I'm working out very basic matrix calculus identities. I'm using Andrew Ng's CS 229 Lecture 1 notes, pg. 9, equation 2: http://cs229.stanford.edu/notes/cs229-notes1.pdf : $$\nabla_{A^{T}}f(A) = (\nabla_{A}f(A))^{T}$$ where A is a matrix (or vector).
My question is: if $\vec{y}$ is a function of $\vec{x}$, can you confirm and show me that the following is true: $$\frac {\partial \vec{y}}{\partial \vec{x}^{T}} \stackrel{?}{=} (\frac {\partial \vec{y}}{\partial \vec{x}})^{T}$$ where I've used Ng equation 2 with $f(A) = \vec{y}(\vec{x}), A=\vec{x}$.
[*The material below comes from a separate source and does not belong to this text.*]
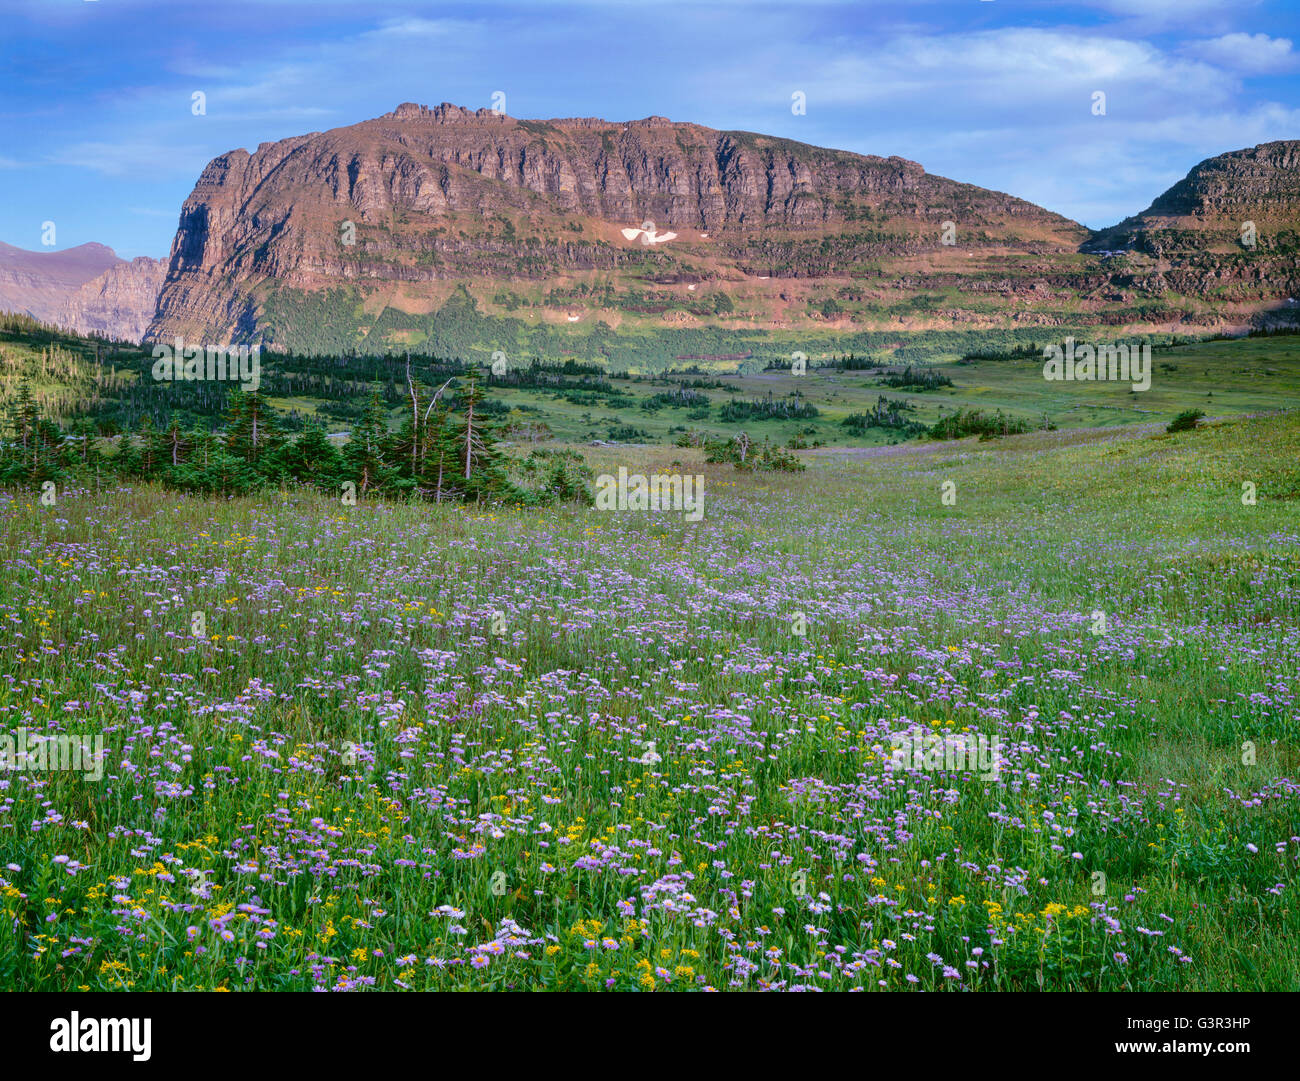 USA, Montana, Glacier National Park, Heavy Runner Mountain rises beyond meadow of fleabane and arnica above Logan Pass. Stock Photo

Similarly, can you show me if the following is true: $$\frac {\partial \vec{y}^{T}}{\partial \vec{x}} \stackrel{?}{=} (\frac {\partial \vec{y}^{T}}{\partial \vec{x}^{T}})^{T} \stackrel{?}{=} (\frac {\partial \vec{y}}{\partial \vec{x}})^{T}$$ where the first equation used Ng equation 2 with $f(A) = \vec{y}^{T}(\vec{x}), A=\vec{x}^{T}$, and the second equation I've just written because it seems to make sense.
If all of these statements are true, it says that if numerator XOR denominator contains transpose, the derivative matrix is transposed compared to $\frac {\partial \vec{y}}{\partial \vec{x}}$, but if numerator XNOR denominator contains transpose, the derivative matrix is NOT transposed compared to $\frac {\partial \vec{y}}{\partial \vec{x}}$.
P.S.: I prefer the numerator layout over the denominator layout because it has properties that are more intuitive to me (e.g. chain rule follows familiar left to right form, and Jacobian is same form as in multivariable calc classes). This is what I mean by "numerator layout": https://en.wikipedia.org/wiki/Matrix_calculus#Numerator-layout_notation
Please use the numerator layout convention, because even if you think it's arbitrary or prefer different notation, this will make it an order of magnitude easier for me to understand and not worry about transposes.
Thanks.